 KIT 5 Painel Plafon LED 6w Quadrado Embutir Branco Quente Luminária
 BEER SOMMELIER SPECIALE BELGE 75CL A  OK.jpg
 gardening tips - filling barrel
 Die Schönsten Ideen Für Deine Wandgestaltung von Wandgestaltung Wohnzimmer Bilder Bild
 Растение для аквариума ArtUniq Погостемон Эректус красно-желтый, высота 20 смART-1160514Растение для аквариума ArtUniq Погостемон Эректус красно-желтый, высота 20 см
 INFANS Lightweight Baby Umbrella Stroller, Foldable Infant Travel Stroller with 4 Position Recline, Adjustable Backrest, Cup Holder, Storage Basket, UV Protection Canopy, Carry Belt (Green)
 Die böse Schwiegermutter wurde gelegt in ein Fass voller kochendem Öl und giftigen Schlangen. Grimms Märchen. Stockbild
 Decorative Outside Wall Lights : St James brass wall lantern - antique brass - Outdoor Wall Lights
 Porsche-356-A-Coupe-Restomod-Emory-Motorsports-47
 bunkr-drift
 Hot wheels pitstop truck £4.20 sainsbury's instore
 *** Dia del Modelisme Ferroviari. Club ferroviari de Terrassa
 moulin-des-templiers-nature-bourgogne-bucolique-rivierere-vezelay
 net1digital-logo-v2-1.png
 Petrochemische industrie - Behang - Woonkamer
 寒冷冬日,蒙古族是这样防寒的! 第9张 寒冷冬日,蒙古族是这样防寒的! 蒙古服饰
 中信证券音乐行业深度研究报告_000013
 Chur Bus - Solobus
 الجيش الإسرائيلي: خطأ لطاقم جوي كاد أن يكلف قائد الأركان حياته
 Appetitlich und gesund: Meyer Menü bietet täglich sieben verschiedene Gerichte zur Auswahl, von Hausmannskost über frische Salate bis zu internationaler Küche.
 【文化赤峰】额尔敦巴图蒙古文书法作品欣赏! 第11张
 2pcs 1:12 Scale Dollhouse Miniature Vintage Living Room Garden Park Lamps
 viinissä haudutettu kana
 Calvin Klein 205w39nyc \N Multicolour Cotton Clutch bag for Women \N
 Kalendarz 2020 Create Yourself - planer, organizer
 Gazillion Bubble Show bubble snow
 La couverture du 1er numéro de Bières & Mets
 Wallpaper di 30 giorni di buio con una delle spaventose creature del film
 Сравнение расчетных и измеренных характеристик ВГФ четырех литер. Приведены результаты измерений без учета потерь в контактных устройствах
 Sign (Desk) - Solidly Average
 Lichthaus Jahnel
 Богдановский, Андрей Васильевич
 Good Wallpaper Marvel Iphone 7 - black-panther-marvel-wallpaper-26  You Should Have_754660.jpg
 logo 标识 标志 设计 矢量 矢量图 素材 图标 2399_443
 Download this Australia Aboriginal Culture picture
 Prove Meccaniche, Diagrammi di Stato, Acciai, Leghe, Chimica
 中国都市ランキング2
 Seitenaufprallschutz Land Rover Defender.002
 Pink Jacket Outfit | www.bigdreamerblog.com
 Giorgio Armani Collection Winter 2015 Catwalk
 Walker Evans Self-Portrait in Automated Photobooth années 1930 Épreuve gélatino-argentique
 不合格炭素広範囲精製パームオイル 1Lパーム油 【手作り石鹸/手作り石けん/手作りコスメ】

________________

# YOUR GOAL
All that is needed is the material, repeated exactly.

# FINISHED TASK
 KIT 5 Painel Plafon LED 6w Quadrado Embutir Branco Quente Luminária
 BEER SOMMELIER SPECIALE BELGE 75CL A  OK.jpg
 gardening tips - filling barrel
 Die Schönsten Ideen Für Deine Wandgestaltung von Wandgestaltung Wohnzimmer Bilder Bild
 Растение для аквариума ArtUniq Погостемон Эректус красно-желтый, высота 20 смART-1160514Растение для аквариума ArtUniq Погостемон Эректус красно-желтый, высота 20 см
 INFANS Lightweight Baby Umbrella Stroller, Foldable Infant Travel Stroller with 4 Position Recline, Adjustable Backrest, Cup Holder, Storage Basket, UV Protection Canopy, Carry Belt (Green)
 Die böse Schwiegermutter wurde gelegt in ein Fass voller kochendem Öl und giftigen Schlangen. Grimms Märchen. Stockbild
 Decorative Outside Wall Lights : St James brass wall lantern - antique brass - Outdoor Wall Lights
 Porsche-356-A-Coupe-Restomod-Emory-Motorsports-47
 bunkr-drift
 Hot wheels pitstop truck £4.20 sainsbury's instore
 *** Dia del Modelisme Ferroviari. Club ferroviari de Terrassa
 moulin-des-templiers-nature-bourgogne-bucolique-rivierere-vezelay
 net1digital-logo-v2-1.png
 Petrochemische industrie - Behang - Woonkamer
 寒冷冬日,蒙古族是这样防寒的! 第9张 寒冷冬日,蒙古族是这样防寒的! 蒙古服饰
 中信证券音乐行业深度研究报告_000013
 Chur Bus - Solobus
 الجيش الإسرائيلي: خطأ لطاقم جوي كاد أن يكلف قائد الأركان حياته
 Appetitlich und gesund: Meyer Menü bietet täglich sieben verschiedene Gerichte zur Auswahl, von Hausmannskost über frische Salate bis zu internationaler Küche.
 【文化赤峰】额尔敦巴图蒙古文书法作品欣赏! 第11张
 2pcs 1:12 Scale Dollhouse Miniature Vintage Living Room Garden Park Lamps
 viinissä haudutettu kana
 Calvin Klein 205w39nyc \N Multicolour Cotton Clutch bag for Women \N
 Kalendarz 2020 Create Yourself - planer, organizer
 Gazillion Bubble Show bubble snow
 La couverture du 1er numéro de Bières & Mets
 Wallpaper di 30 giorni di buio con una delle spaventose creature del film
 Сравнение расчетных и измеренных характеристик ВГФ четырех литер. Приведены результаты измерений без учета потерь в контактных устройствах
 Sign (Desk) - Solidly Average
 Lichthaus Jahnel
 Богдановский, Андрей Васильевич
 Good Wallpaper Marvel Iphone 7 - black-panther-marvel-wallpaper-26  You Should Have_754660.jpg
 logo 标识 标志 设计 矢量 矢量图 素材 图标 2399_443
 Download this Australia Aboriginal Culture picture
 Prove Meccaniche, Diagrammi di Stato, Acciai, Leghe, Chimica
 中国都市ランキング2
 Seitenaufprallschutz Land Rover Defender.002
 Pink Jacket Outfit | www.bigdreamerblog.com
 Giorgio Armani Collection Winter 2015 Catwalk
 Walker Evans Self-Portrait in Automated Photobooth années 1930 Épreuve gélatino-argentique
 不合格炭素広範囲精製パームオイル 1Lパーム油 【手作り石鹸/手作り石けん/手作りコスメ】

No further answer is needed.